Normal data movement is fine for largish, files but bogs down with lots of small files or extremely large files to back up. DataProtect gathers together small files into a large chunks and splits up extremely large files into smaller chunks and moves these chunks to secondary storage.
Data expiration is another problem, especially when you chunk files together. Here they came up with an intelligent garbage collection algorithm which only collects free space when it makes the most sense but deletes data access at the time of expiration.
DataProtect uses a cloud based, SaaS control plane that manages and coordinates its activities across data centers, sites and cloud instances. It also has a client VM (OVA, with 8 core CPU, 32GB DRAM, ~100MB) that runs in the customers infrastructure, on site, in CoLo’s or in the cloud that is used to scan-move-protect customer unstructured data. If more scan and data movement performance is needed, the VM can spawn additional threads automatically and more VMs can be added to provide even more throughput.
The other service that Igneous offers is DataDiscover a data visualization tool. DataDiscover uses ActiveScan and its database to provide customers a way to understand the file data that resides in their massive unstructured data farms across the data center, cloud or wherever else it resides.
We didn’t discuss this solution as much but having a way to better understand the files in a 10-100PB unstructured data farm could be very useful and a great way to keep that 100PB from growing to 1EB faster than it has too.
As part of their outreach to the world, Igneous is giving away free DataProtect services to organizations that are focused on COVID-19 research. Check out their offer here
The podcast ran ~24 minutes. Christian was extremely knowledgeable about the problems that happen with very large unstructured data farms and how Igneous solutions can provide a better way to protect and visualize that data. Matt and I had a fun time discussing Igneous’s approach with Christian. Listen to the podcast to learn more.
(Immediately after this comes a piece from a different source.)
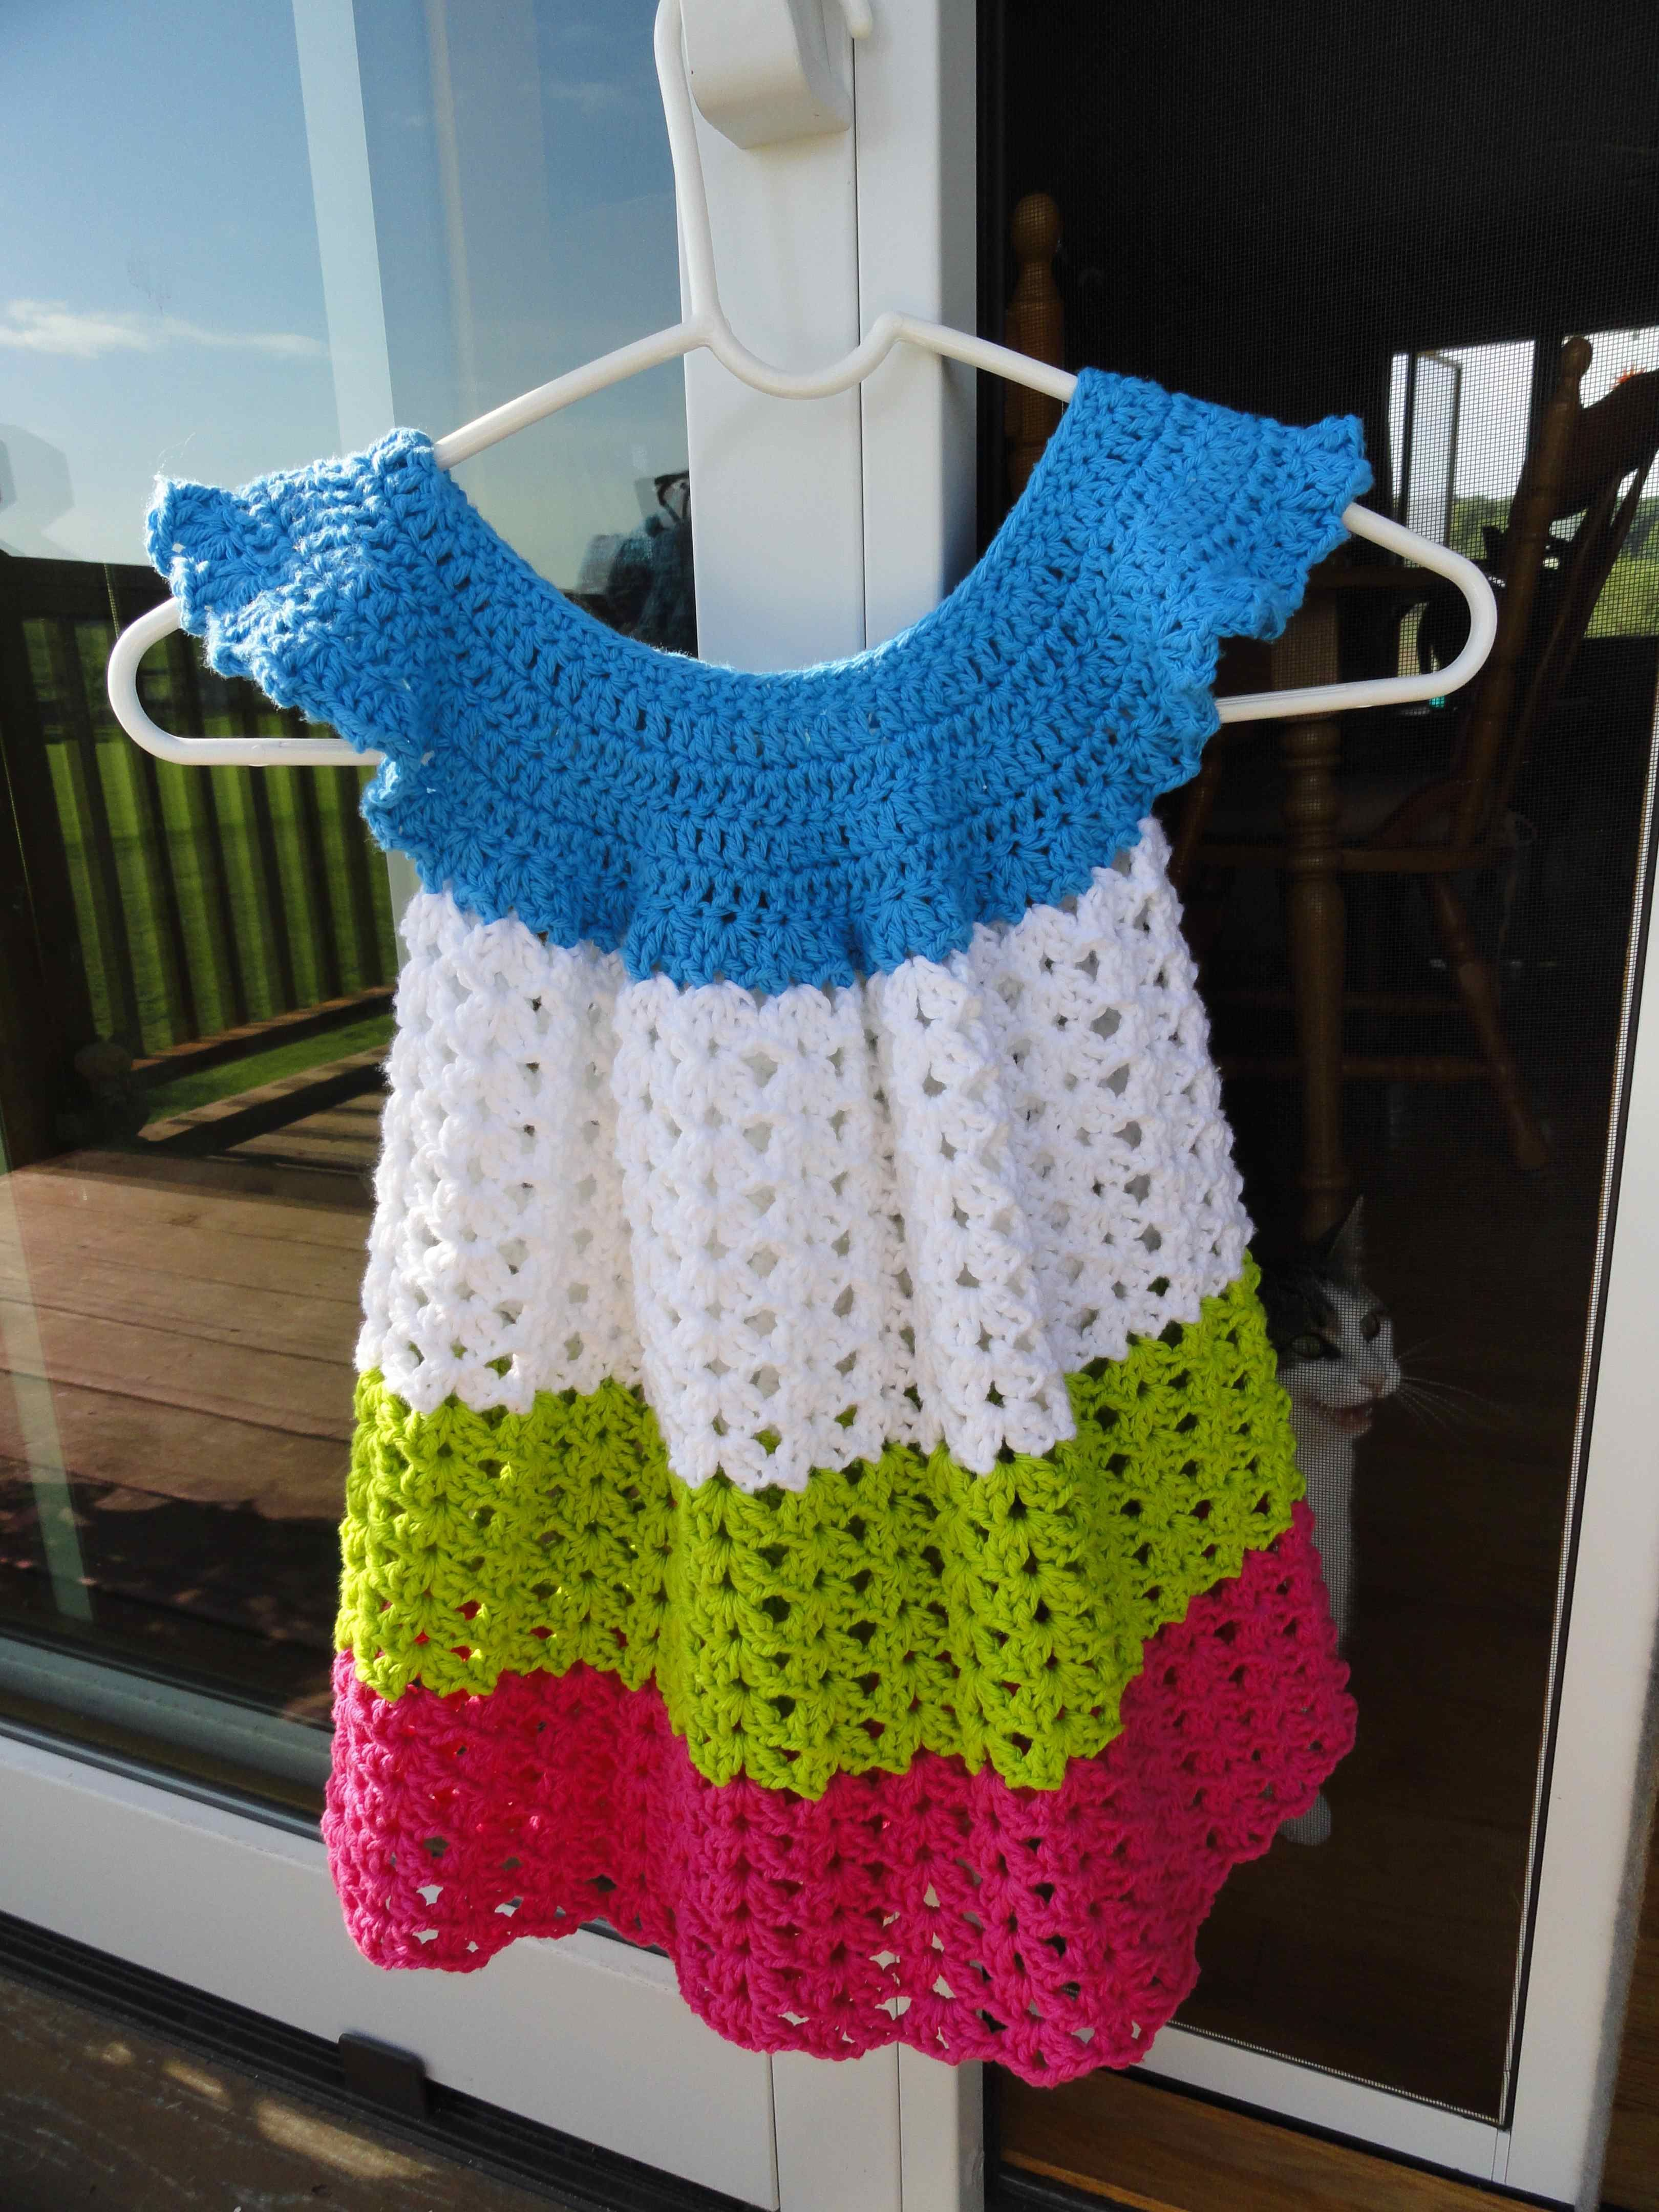 Crochet Baby Pinafore Dress Pattern Crochet Toddler Pinafore Crochet Pinterest Crochet Crochet

Christian Smith, VP Product at Igneous
Christian is VP of Product, responsible for product management, solutions, and customer success. Prior to Igneous, Christian spent 15 years running field engineering organizations at EMC, Isilon Systems, NetApp and Silicon Graphics.
Christian has been working with organizations that work with file data since working at Silicon Graphics. Before that Christian was co-founder of a small management consulting company associated with Y2K and deregulation.
Christian received dual bachelor’s degrees in Chemistry and Computer Science from the University of Missouri-Columbia. Christian is an avid camper, skier and traveler and has long since traveled through all of the continental 48 states.